Selain faktor keselamatan, ia menilai lomba tersebut kurang sesuai dengan kearifan lokal masyarakat Aceh apabila ditinjau dari sisi historis. “Kita butuh kegiatan yang seru, bermanfaat, dan melibatkan anak-anak muda,” ujarnya. Tarmizi mengimbau masyarakat untuk meninggalkan tradisi panjat pinang dan menggantinya dengan kegiatan yang lebih aman, bermanfaat, serta memiliki nilai edukatif.

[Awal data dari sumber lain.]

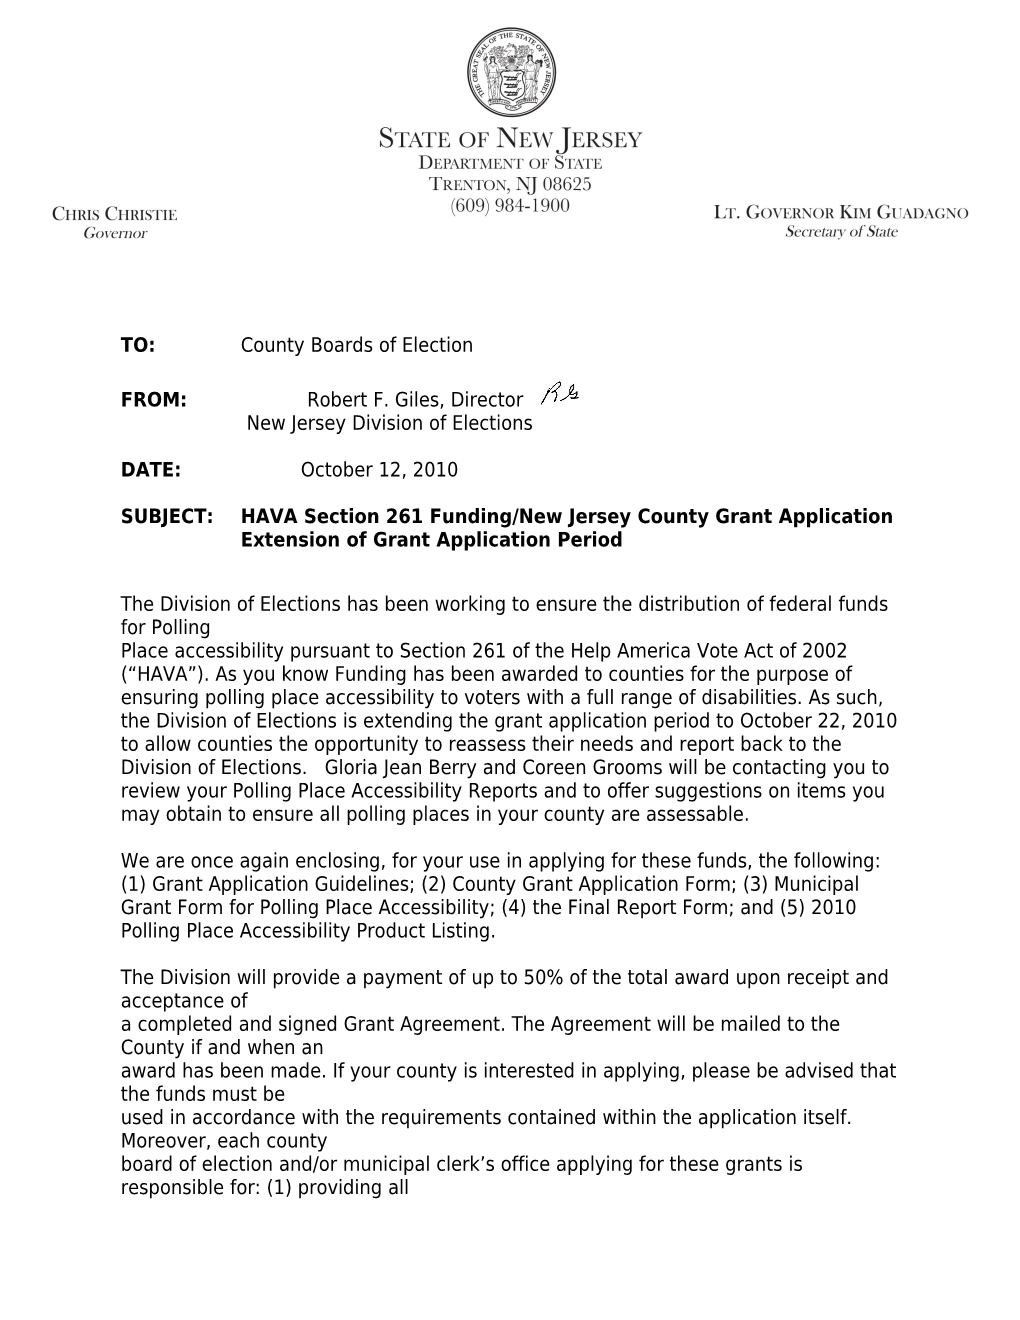 SUBJECT: HAVA Section 261 Funding/New Jersey County Grant Application

Ia menilai pelibatan generasi muda dalam kegiatan positif, seperti jalan santai, penting dilakukan untuk membina mentalitas belajar sekaligus menjauhkan mereka dari ancaman narkoba dan perjudian. Pemerintah Kabupaten Aceh Barat berharap berbagai perlombaan dalam rangka peringatan HUT Kemerdekaan RI tahun ini dapat menjadi momentum untuk menggelar kegiatan yang lebih kreatif, aman, dan edukatif bagi masyarakat setempat. (NAD)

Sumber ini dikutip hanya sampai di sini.